● Your goal
Please transcribe the listing below in full and word for word, without its pictures.

● Dataset section
····················
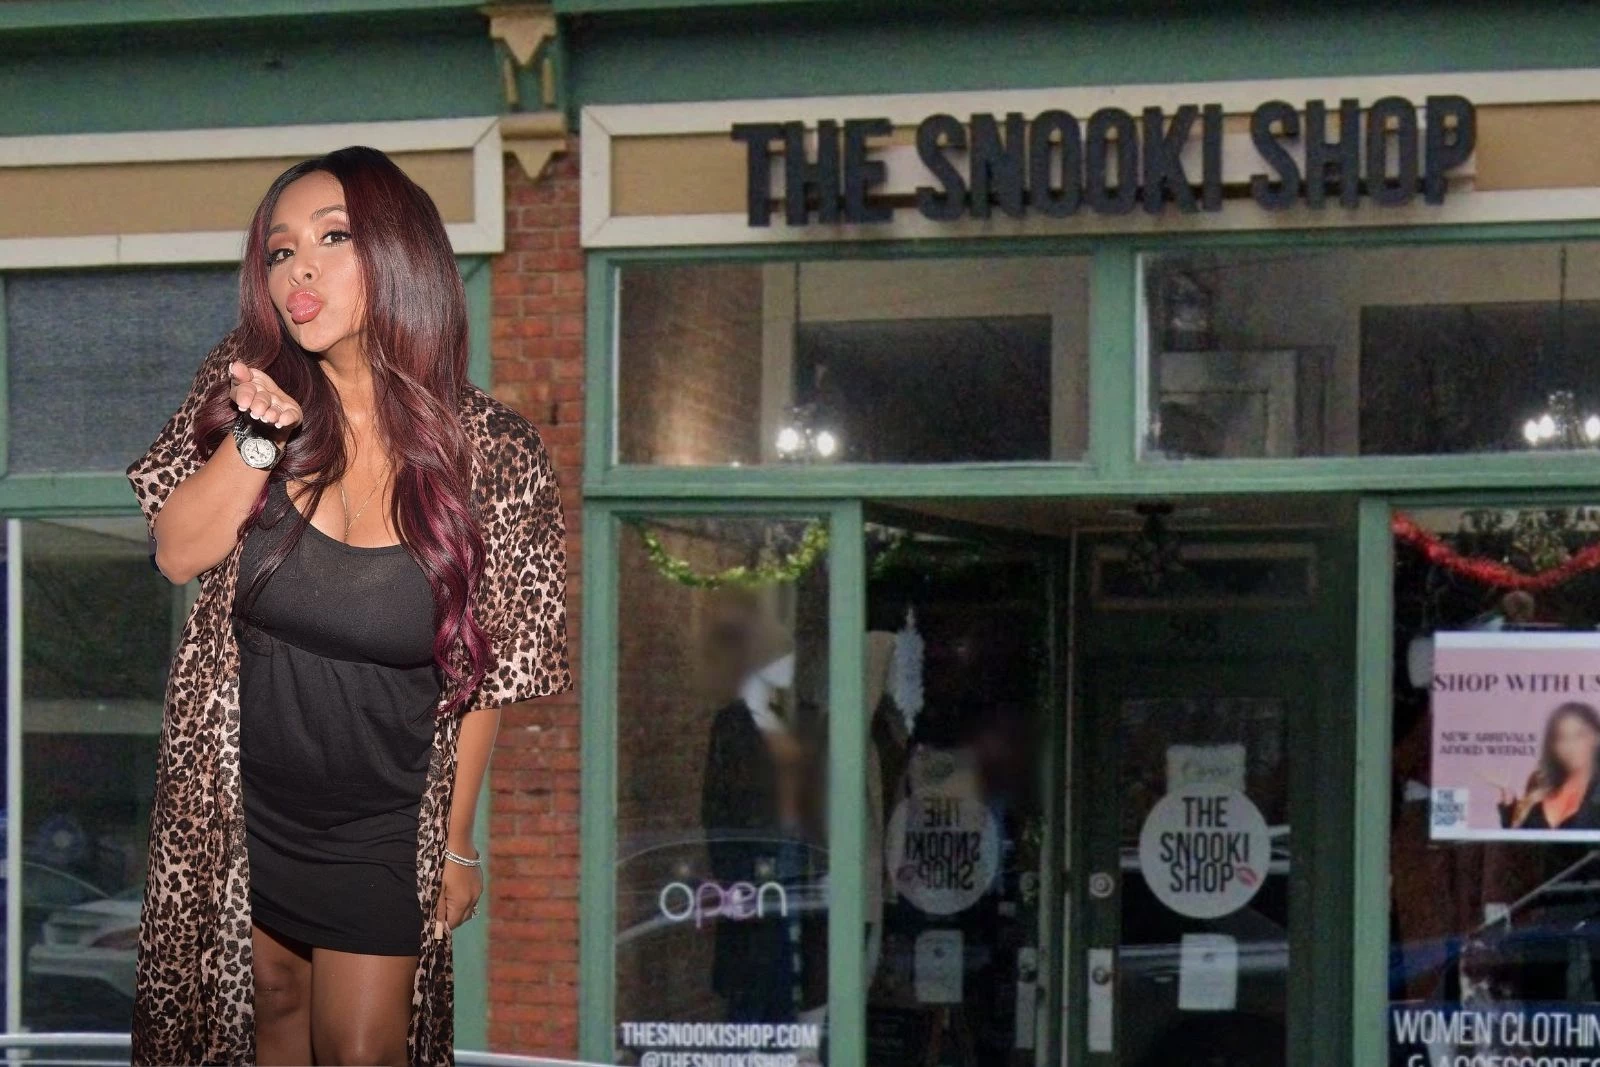 Snooki Teams Up With Cheez It For Celebrity Box Collaboration
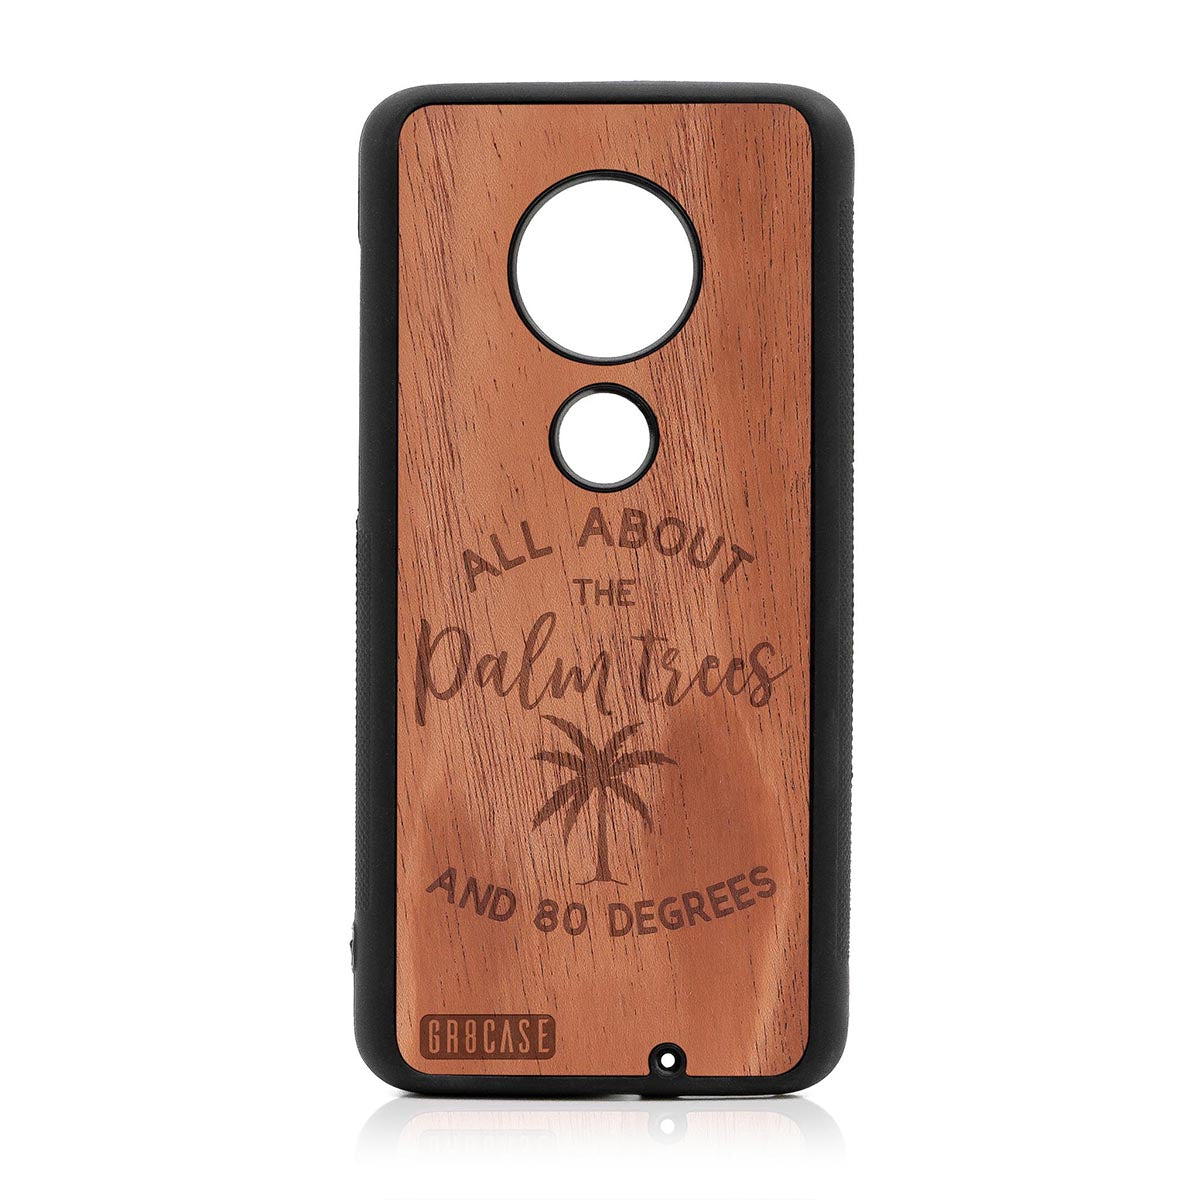 All About The Palm Trees and 80 Degrees Design Wood Case For Moto G7 Plus by GR8CASE
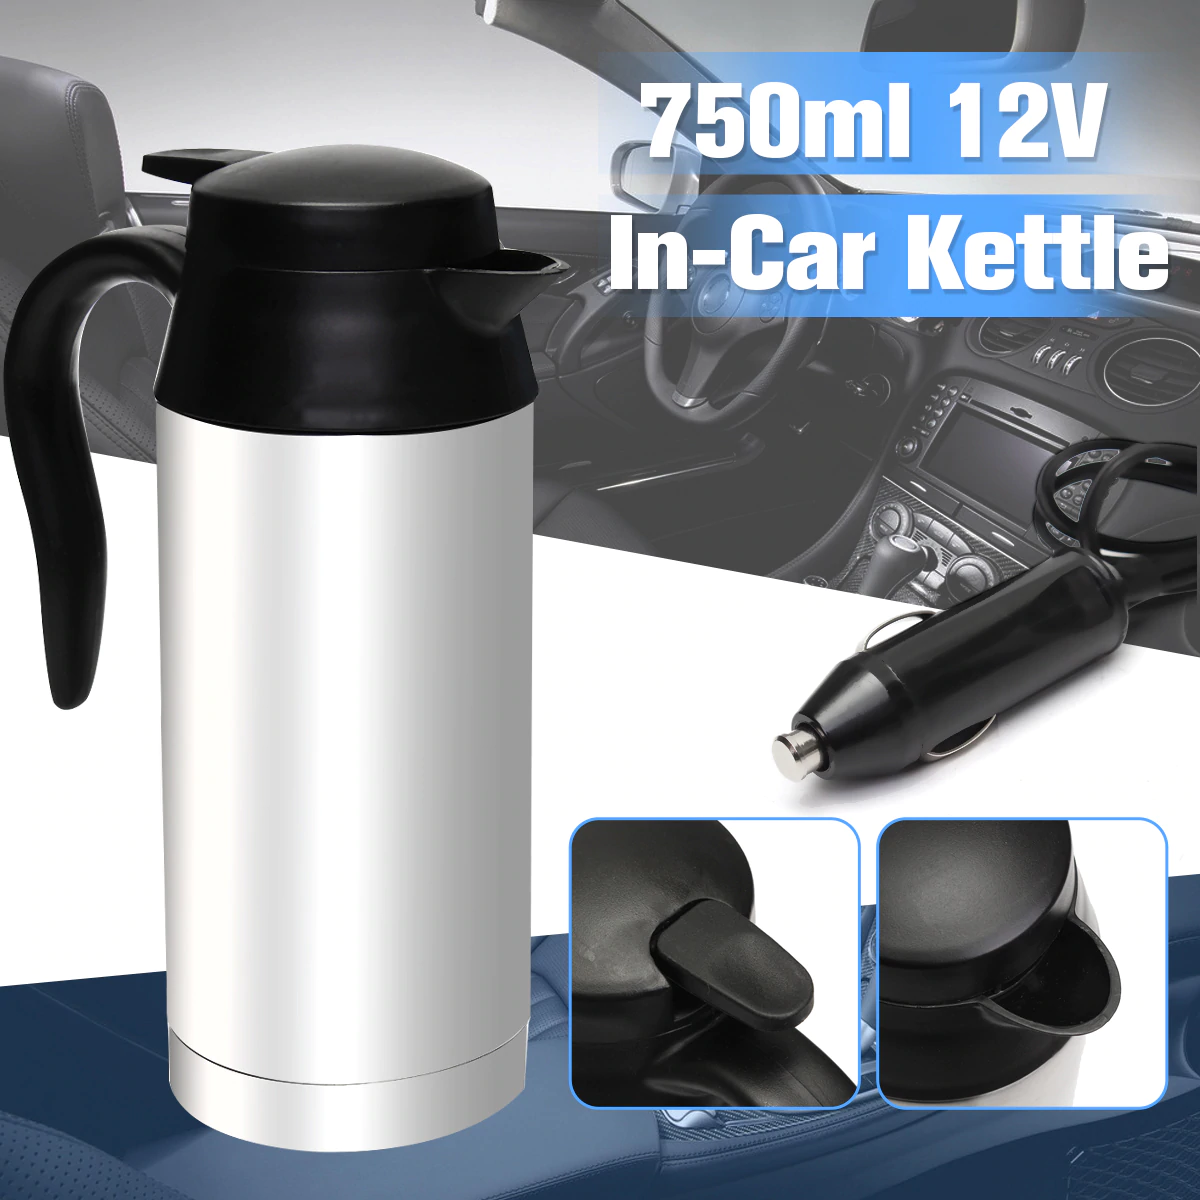 Stainless Steel 12V Electric Kettle 750ml In-Car Travel
····················
● Answer to this problem
 Snooki Teams Up With Cheez It For Celebrity Box Collaboration
 All About The Palm Trees and 80 Degrees Design Wood Case For Moto G7 Plus by GR8CASE
 Stainless Steel 12V Electric Kettle 750ml In-Car Travel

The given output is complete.